Distribution of established risk factors for stroke in men and women by presence or absence of stroke during follow-up

Men
Women
Risk factors in 2017 Framingham Stroke Risk Profilea No Stroke (n = 185 706) Stroke (n = 19 587) No Stroke (n = 274 902) Stroke (n = 23 647)
Age, mean, year 51.8 60.7 50.6 59.6
Current smoking, % 68.5 59.9 3.1 4.8
Coronary heart disease, % 2.1 6.4 2.5 9.4
Age 65 yrs+, % 13.8 39.9 10.7 34.0
Diabetes at age <65 yrs, % 3.7 6.5 4.0 8.1
Diabetes at age 65+ yrs % 1.1 4.8 1.3 6.0
BP-lowering treatment, % 8.6 22.3 10.1 26.3
SBP-untreated, mean, mmHg 130 142 126 138
SBP- treated, mean, mmHg 148 153 150 155

Note: “No Stroke” column includes individuals who remained stroke-free until being censored, even if lost to follow-up before 9 years.

a

Atrial fibrillation is a part of the Framingham Stroke Risk Profile but was not recorded in CKB.

Comparisons of cox versus ML models to predict risk of stroke

The Cox model and ML models all outperformed the 2017 Framingham Stroke Risk Profile (FSRP) with and without recalibration and refitting and achieved similar discrimination for 9-year risk of stroke, with GBT yielding marginally higher AUROCs than other models for both men and women (Table 2, Supplementary Figure S2). However, calibration performance varied substantially between models. RSF, LR, and GBT all yielded lower χ2 values than Cox models in both men and women, with GBT showing significant improvements in calibration performance (Table 2, Supplementary Figure S3). MLP and SVM (after isotonic regression) were observed to yield good calibration for women but were poorly calibrated for men. Nevertheless, all models were significantly better calibrated than the original FSRP, which severely underestimated stroke risk in the CKB cohort (Figure 2, Supplementary Figure S3). Calibration plots (Figure 2) indicated that calibration for all models was better in women than in men, with models underestimating risk of stroke in men compared with women. Furthermore, deviation from perfect calibration was more extreme in those at highest risk of stroke (Figure 2) and in older individuals (Supplementary Figure S4). Due to its high AUROC and improvements to calibration over the traditional Cox model, GBT was identified as the best-performing ML model and was selected for further risk screening analyses.

Figure 2.

Figure 2.

Calibration plots for the 2017 Framingham Stroke Risk Profile (FSRP), a recalibrated and refitted FSRP, Cox, random survival forest (RSF), logistic regression (LR), support vector machine (SVM), gradient boosted tree (GBT), and multilayer perceptron (MLP) models in (A) men and (B) women. Each point represents a decile of predicted risk.

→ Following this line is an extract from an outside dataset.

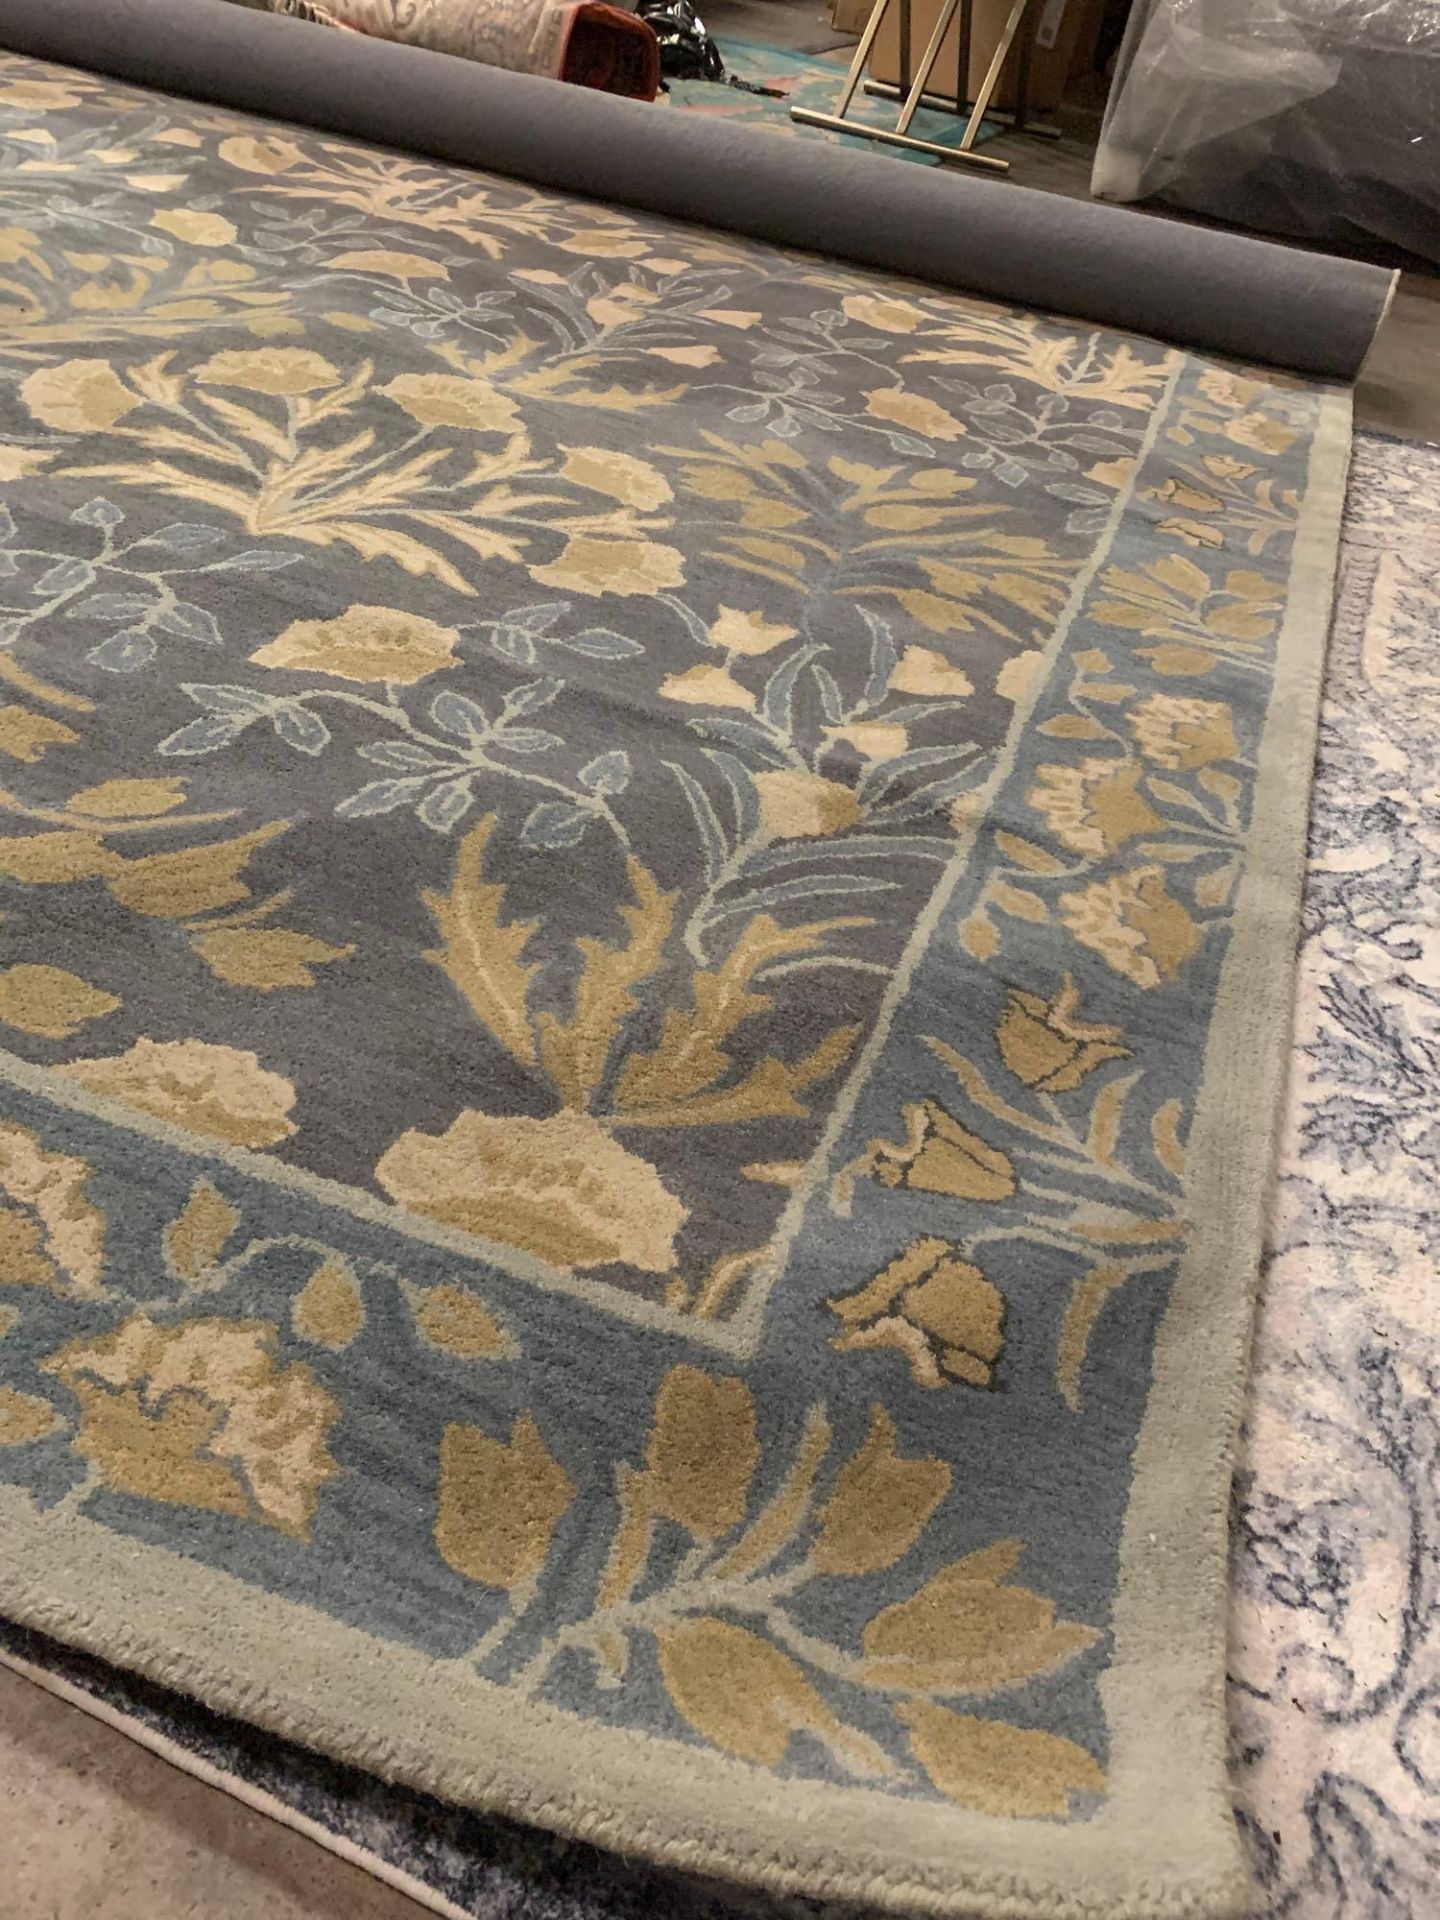 Nain Floral Ziegler blue area rug hand tufted high quality wool Made Of 100% Wool Pile Ziegler - Bild 4 aus 8

Evaluation of risk prediction models at varying intervals of follow-up (0–3 years, 3–6 years, 6–9 years) demonstrated comparable relative performance between models (Figure 3, Supplementary Tables S1–S3). However, binary classification models (LR, SVM. GBT, and MLP), which were retrained for each prediction task, yielded substantial improvements over survival models (FSRP, Cox, RSF) at all intervals of follow-up and for both sexes (Figures 3A and 3B). The AUROCs for all models decreased monotonically for later intervals of follow-up. For most models, calibration also declined at later intervals of follow-up, but was less sensitive to changes in times scales than discrimination performance (Figures 3C and 3D). At all intervals of follow-up, MLP and SVM (after isotonic regression) had a tendency for poor calibration in men, but were well-calibrated in women. Once again, the FSRP without recalibration and refitting, yielded the worst calibration, substantially underestimating stroke risk at all intervals of follow-up.

Figure 3.

Figure 3.

Discrimination (subplots A and B) and calibration (subplots C and D) performance in men and women, respectively, for risk prediction of stroke at various time scales (0–3 years, 3–6 years, 6–9 years after baseline). Comparisons made between the 2017 Framingham Stroke Risk Profile (FSRP), a recalibrated and refitted FSRP, Cox, random survival forest (RSF), logistic regression (LR), support vector machine (SVM), gradient boosted tree (GBT), and multilayer perceptron (MLP) models.

GBT remained among the best-performing of the ML models based on discrimination and calibration metrics. Additional analyses of the most important GBT features for later intervals of follow-up (Supplementary Table S4) indicated comparable performance in men and women with emphasis on risk factor indicators related to age, blood pressure, physical activity, and geographic area. However, characteristics, such as retirement and number of children, became relatively more important at later intervals of follow-up (3–6 years and 6–9 years) than at 0–3 years from baseline.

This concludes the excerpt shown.